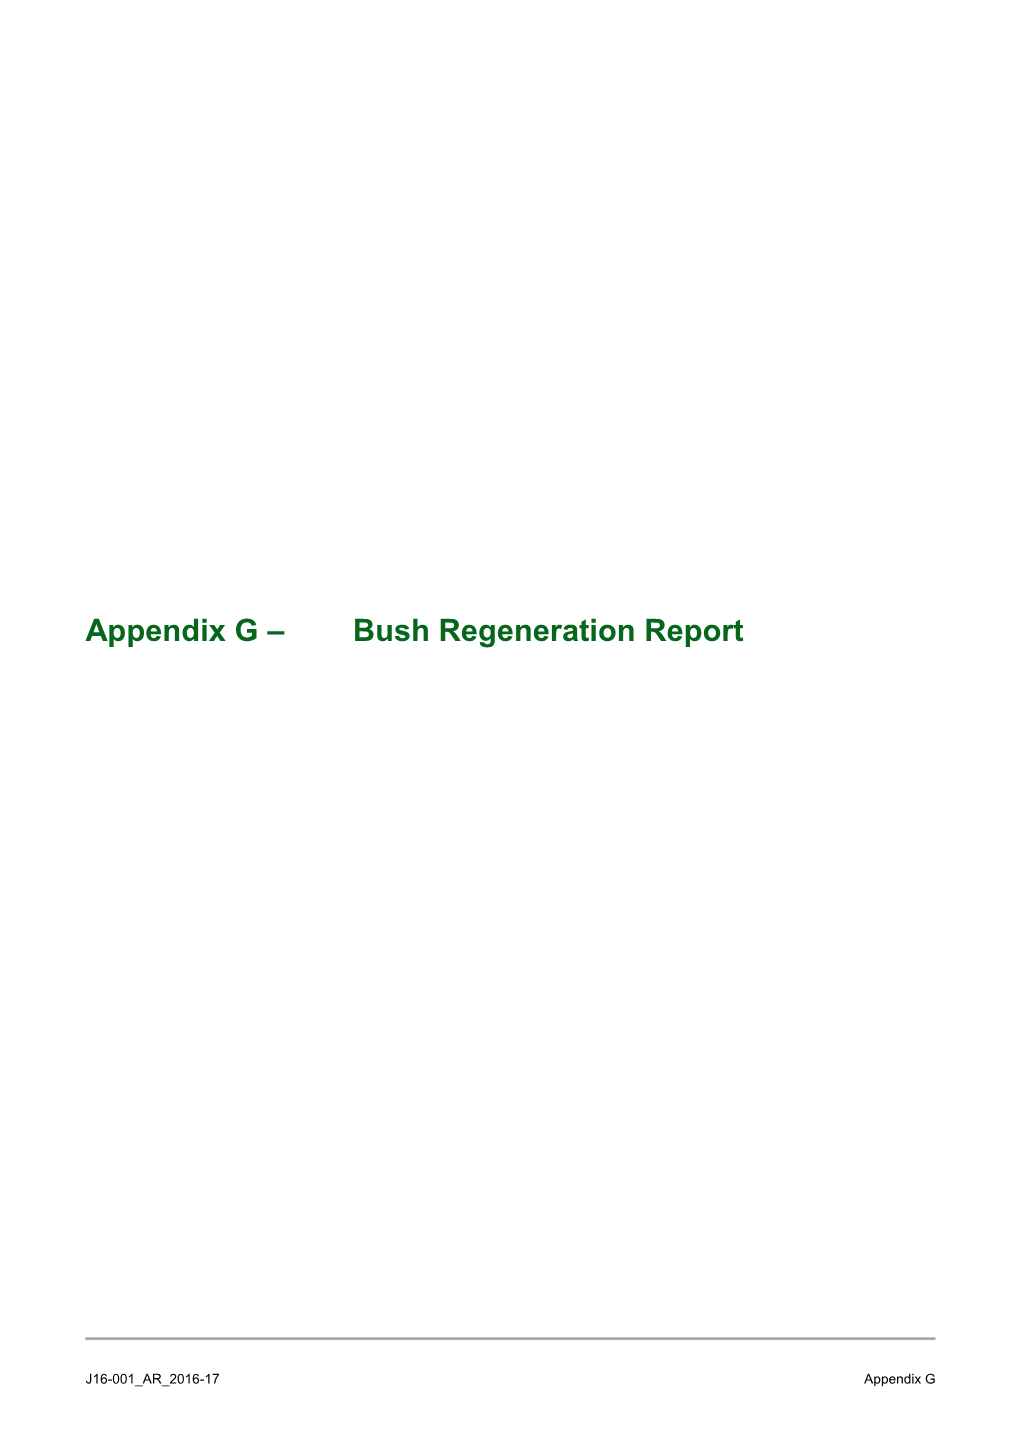 Bush Regeneration Report
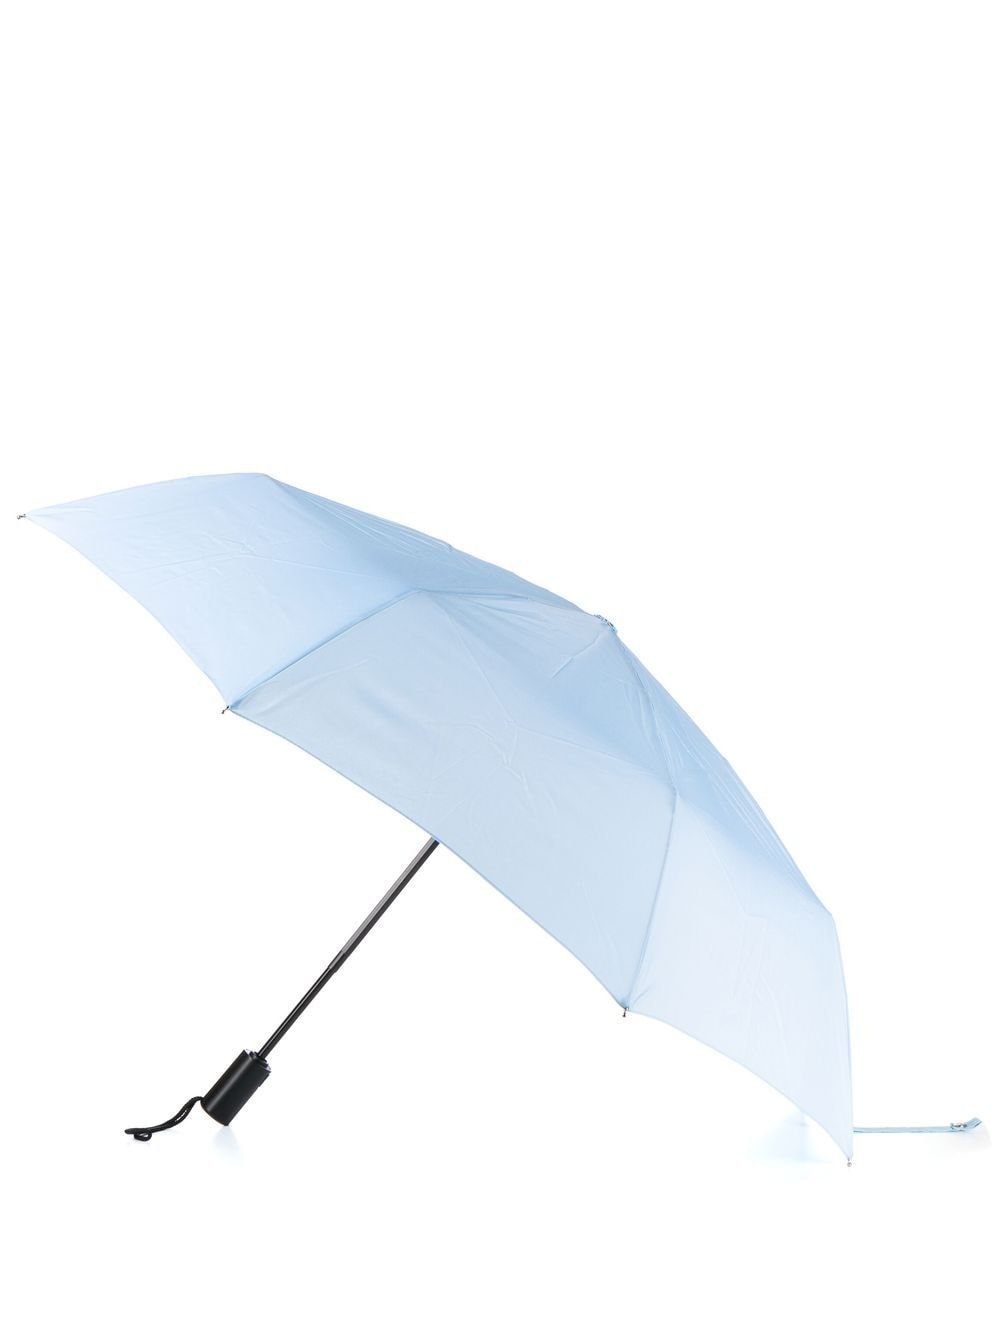 Ayr automatic telescopic umbrella - 3
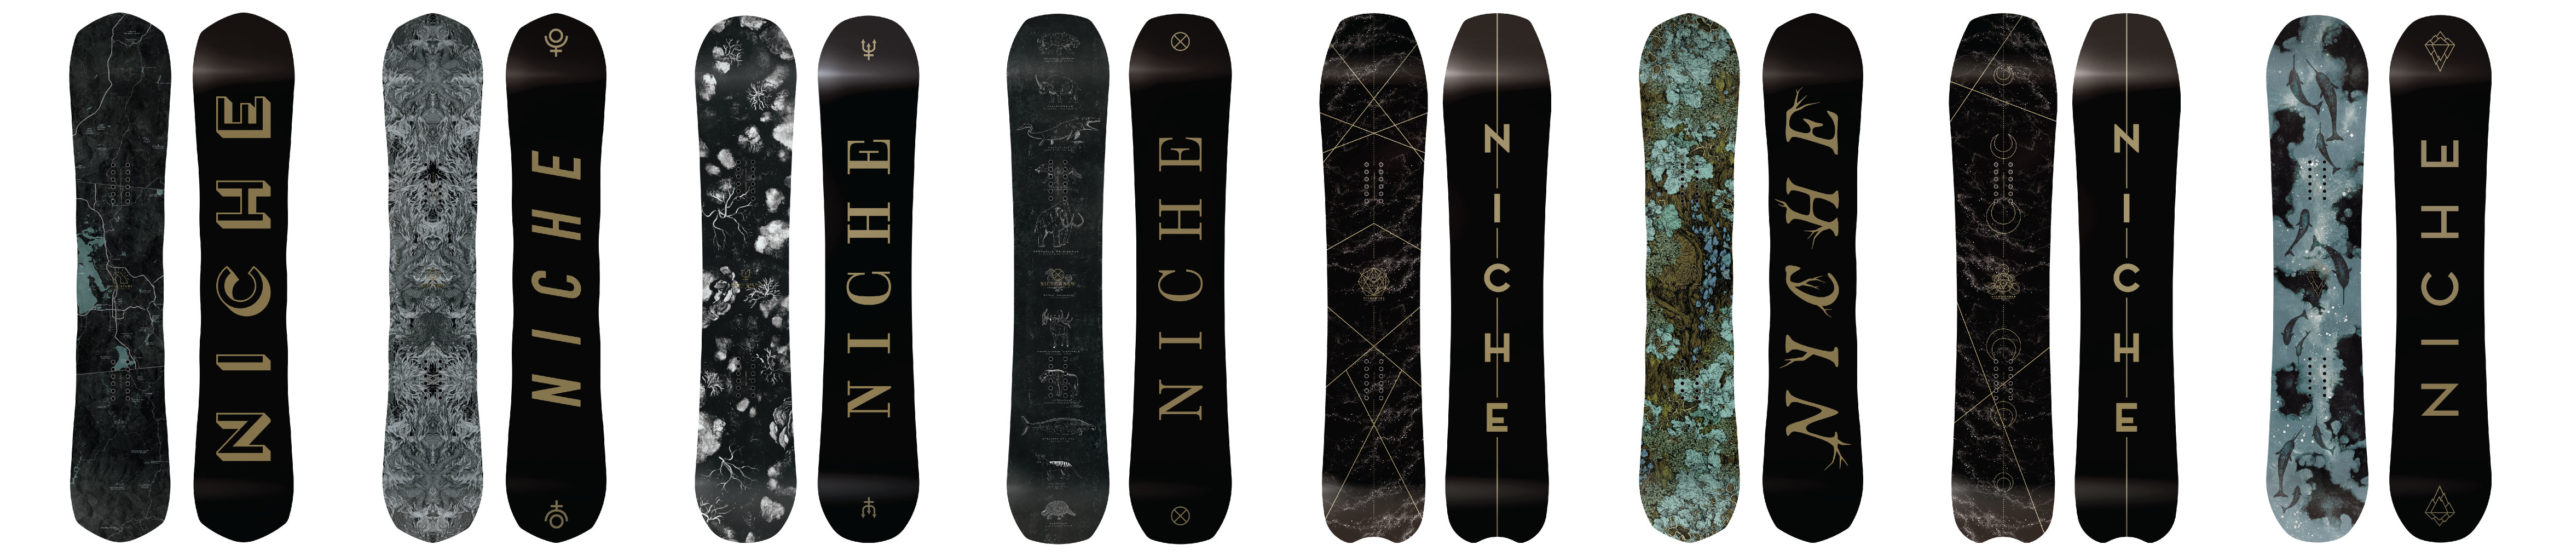 2018/19 Niche Snowboards graphics
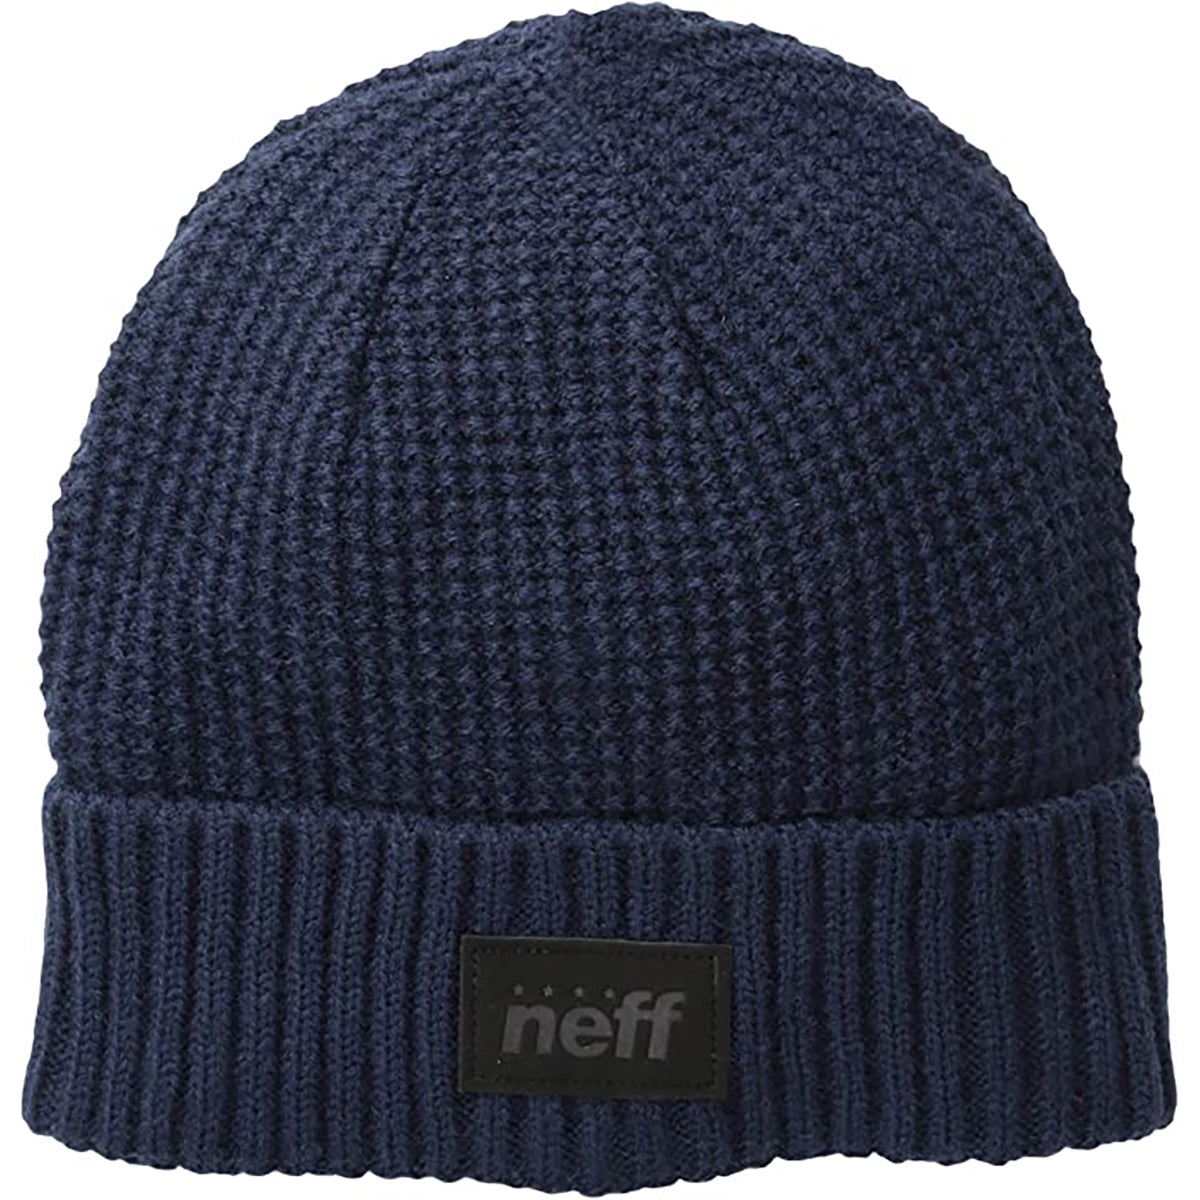 Neff Therm Men's Beanie Hats - Black
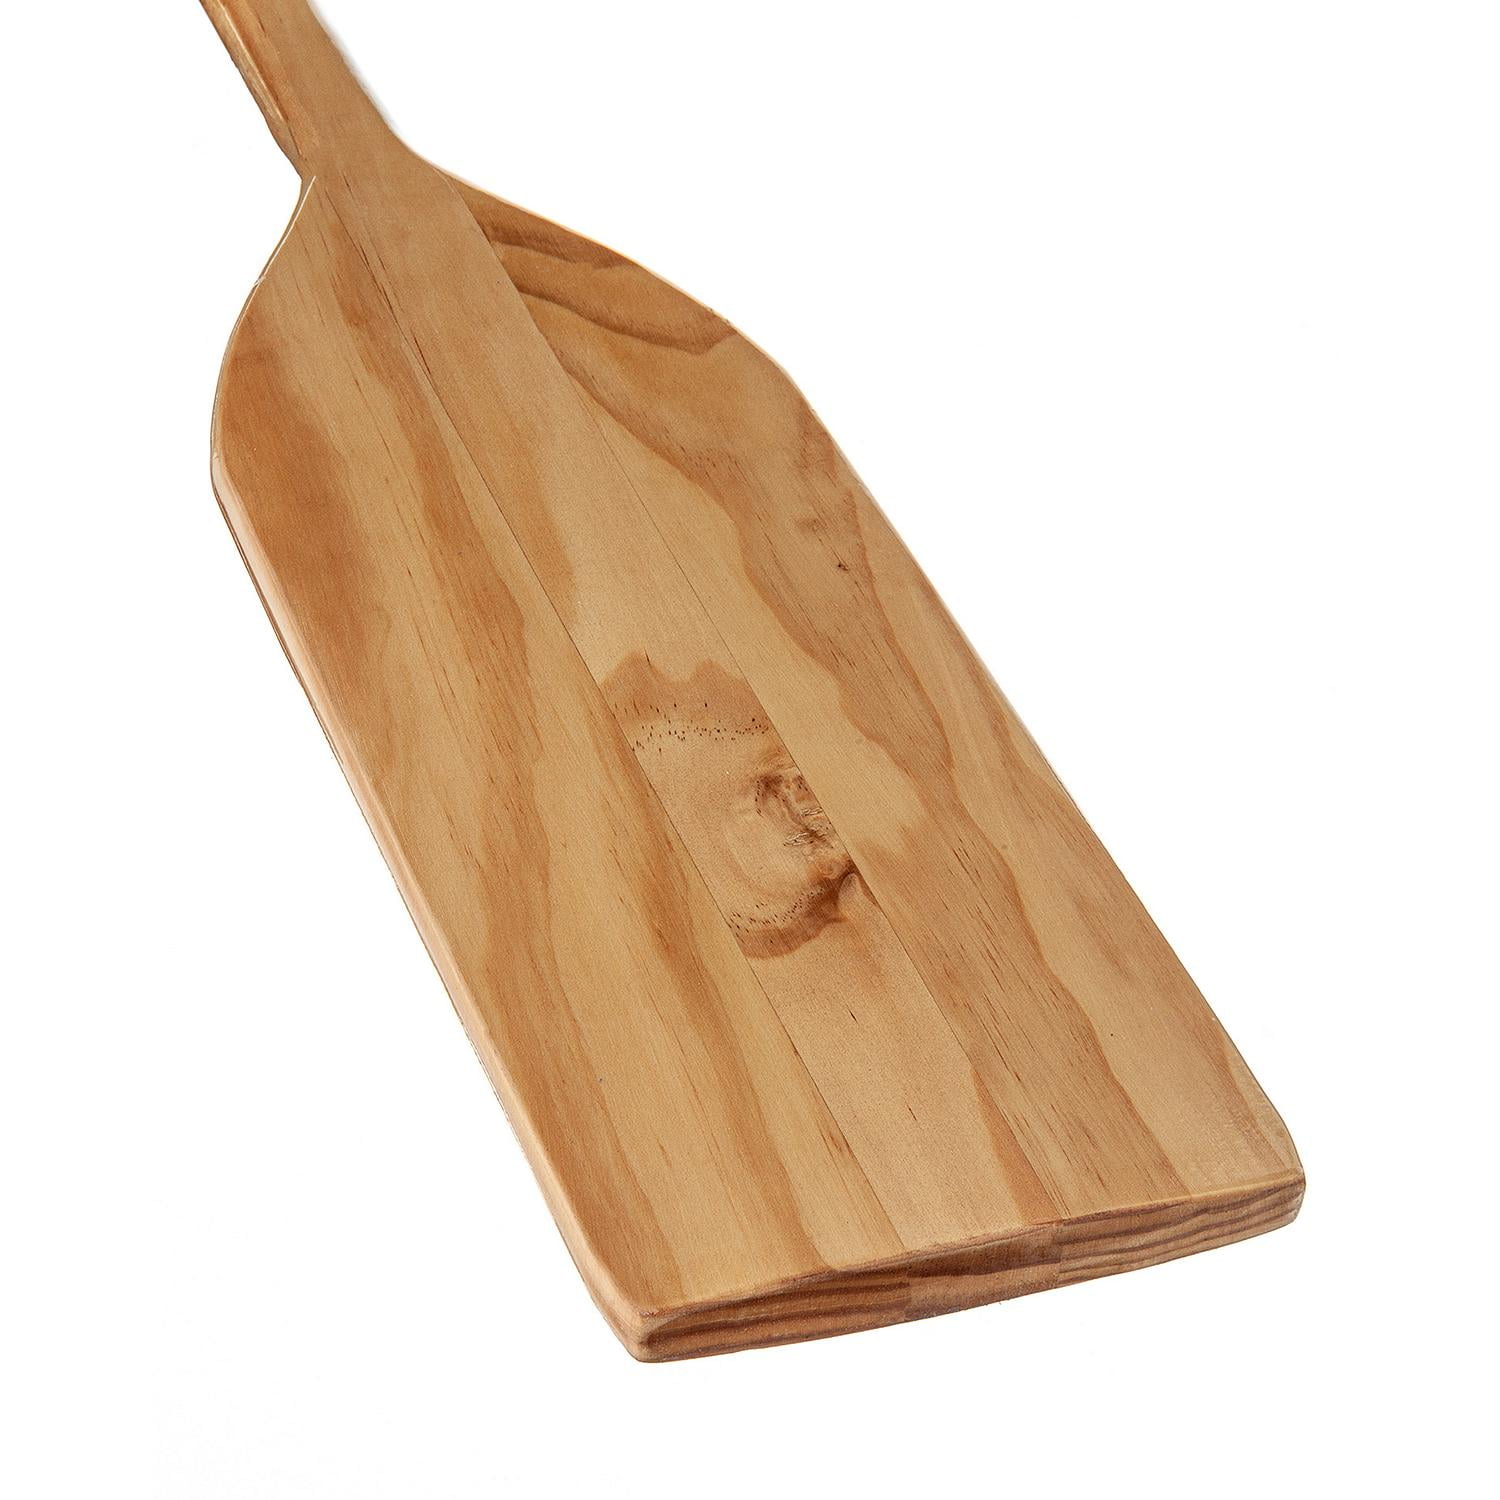 Choice 36 Wood Paddle

.....

Task objective: What is needed is an exact restatement of every line from the one containing "Ayr automatic telescopic umbrella - 3" through the last line of the records, pictures left out.

Solution for this task:
 Ayr automatic telescopic umbrella - 3
 2018/19 Niche Snowboards graphics
 Neff Therm Men's Beanie Hats - Black
 Choice 36 Wood Paddle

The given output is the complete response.